- Data for this task -
════════════════════

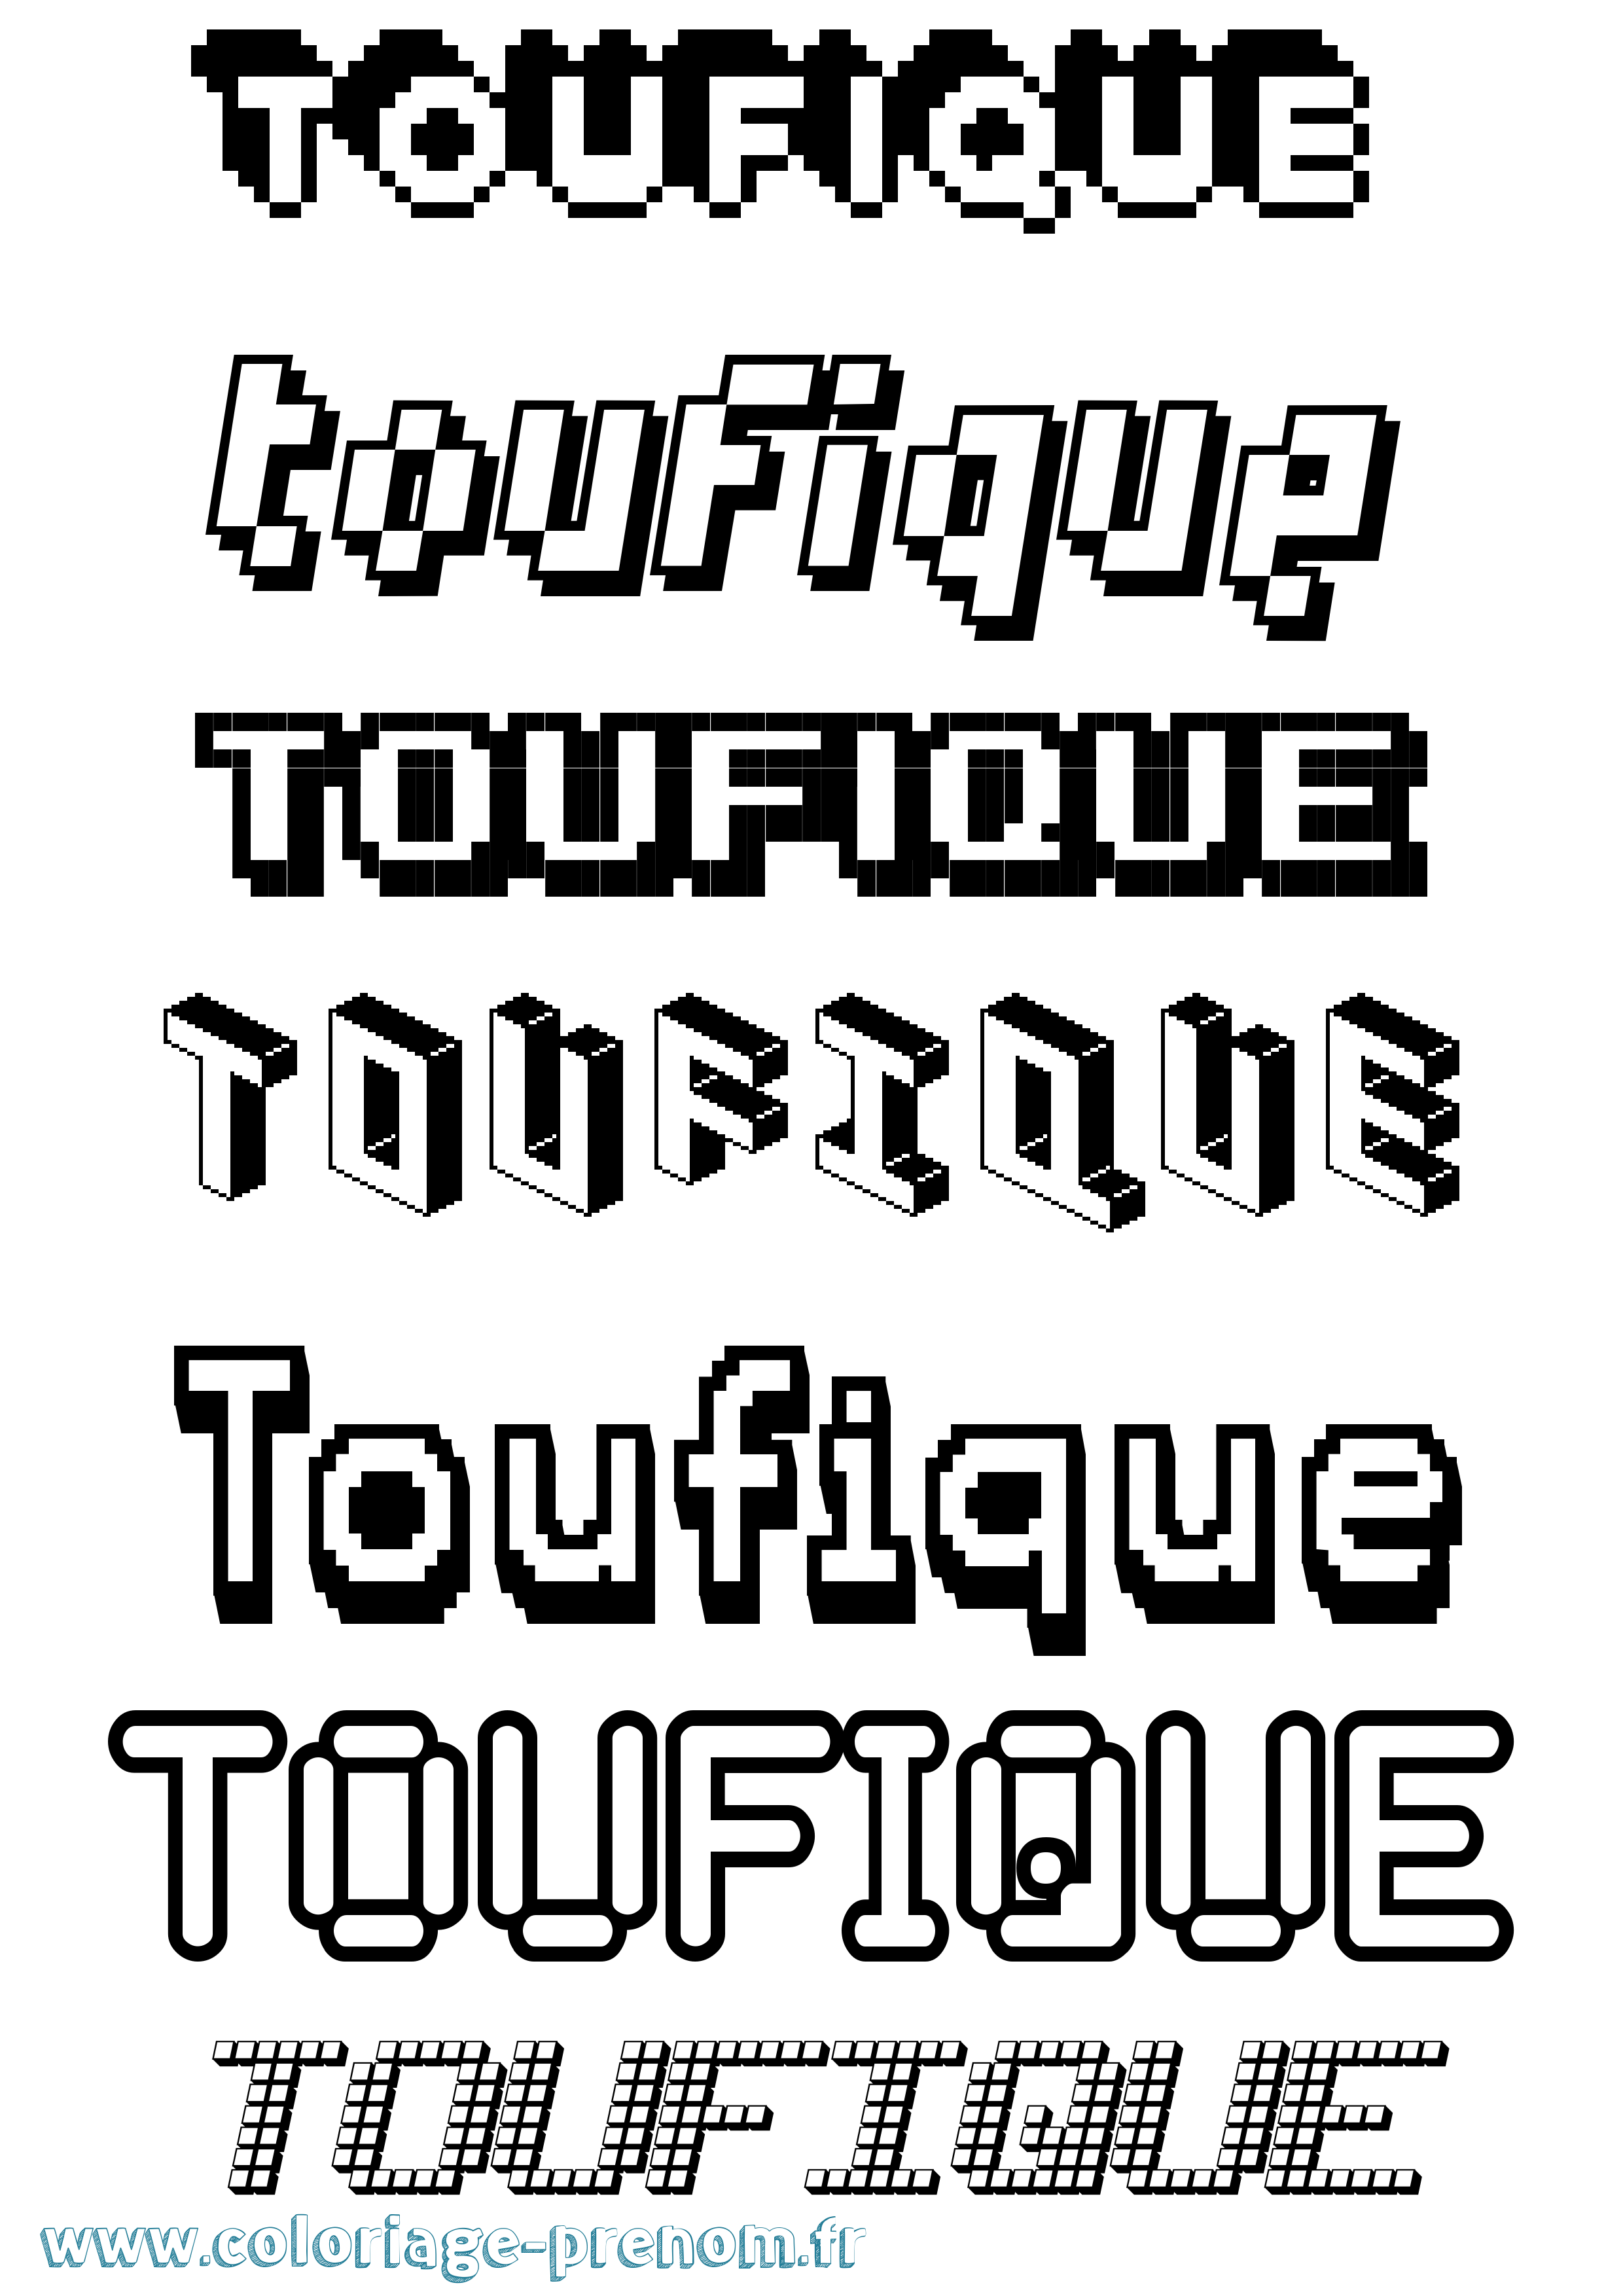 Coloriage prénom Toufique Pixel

════════════════════

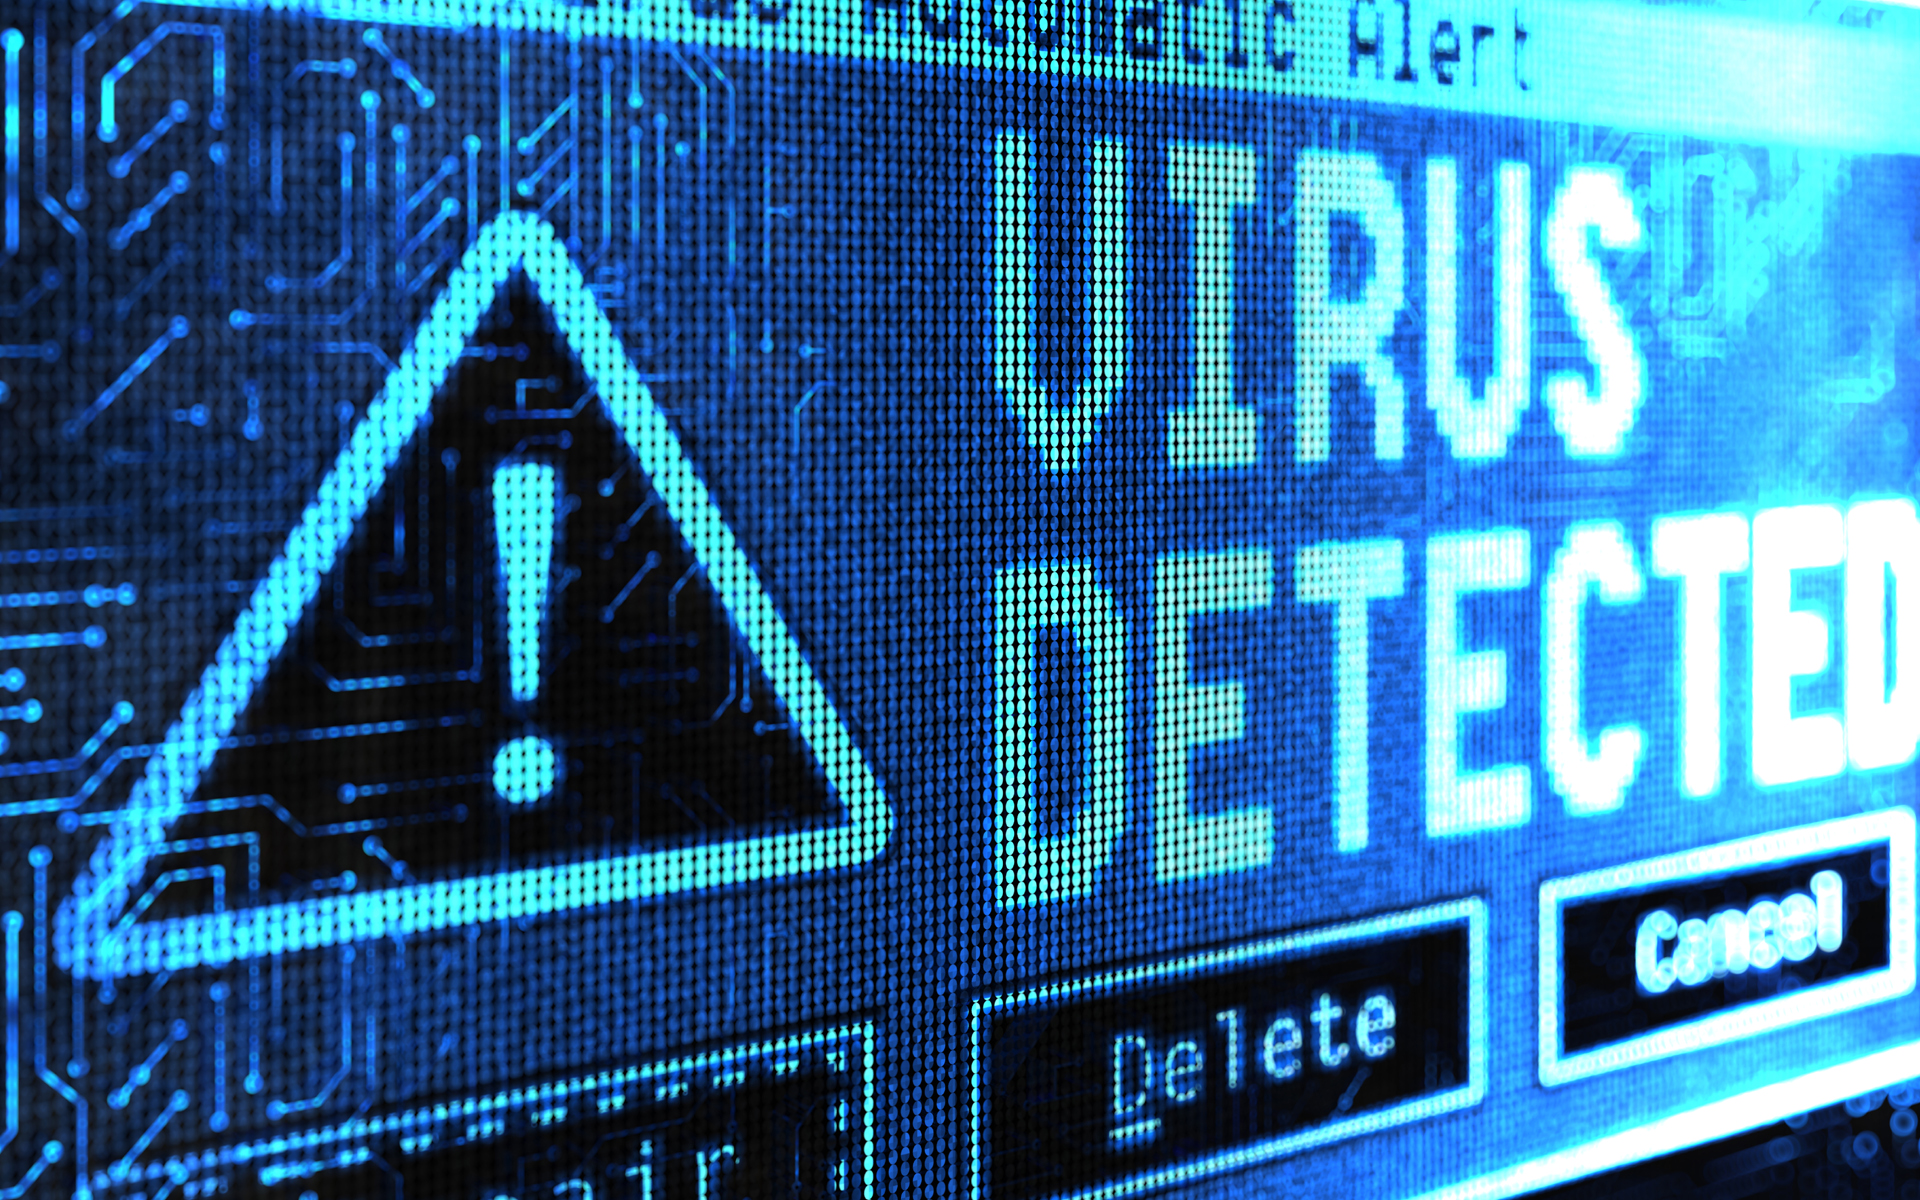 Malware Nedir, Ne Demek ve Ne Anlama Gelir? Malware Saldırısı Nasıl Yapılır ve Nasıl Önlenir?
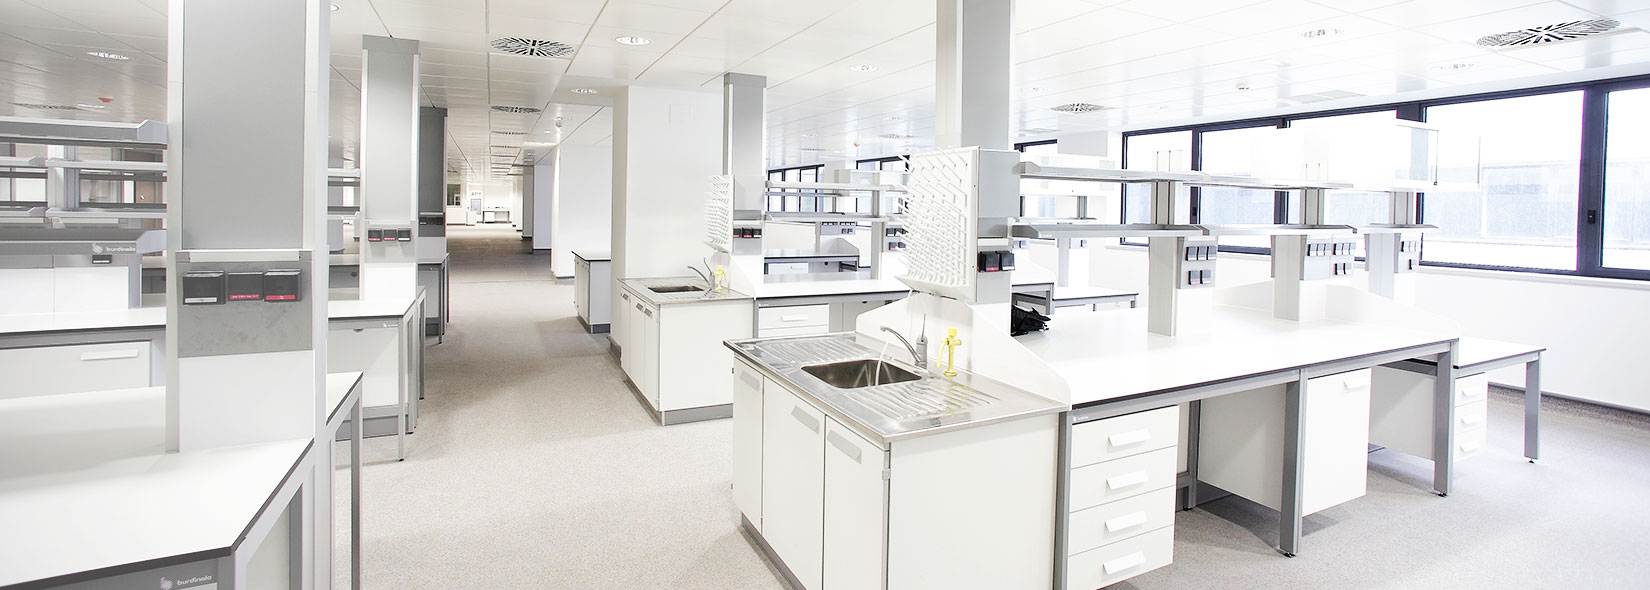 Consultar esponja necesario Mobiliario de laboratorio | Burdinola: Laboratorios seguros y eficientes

════════════════════

The output is the stretch above from the line with "Malware Nedir, Ne" through the line with "Consultar esponja necesario", copied word for word with both ends kept and every picture dropped.

 Malware Nedir, Ne Demek ve Ne Anlama Gelir? Malware Saldırısı Nasıl Yapılır ve Nasıl Önlenir?
 Consultar esponja necesario Mobiliario de laboratorio | Burdinola: Laboratorios seguros y eficientes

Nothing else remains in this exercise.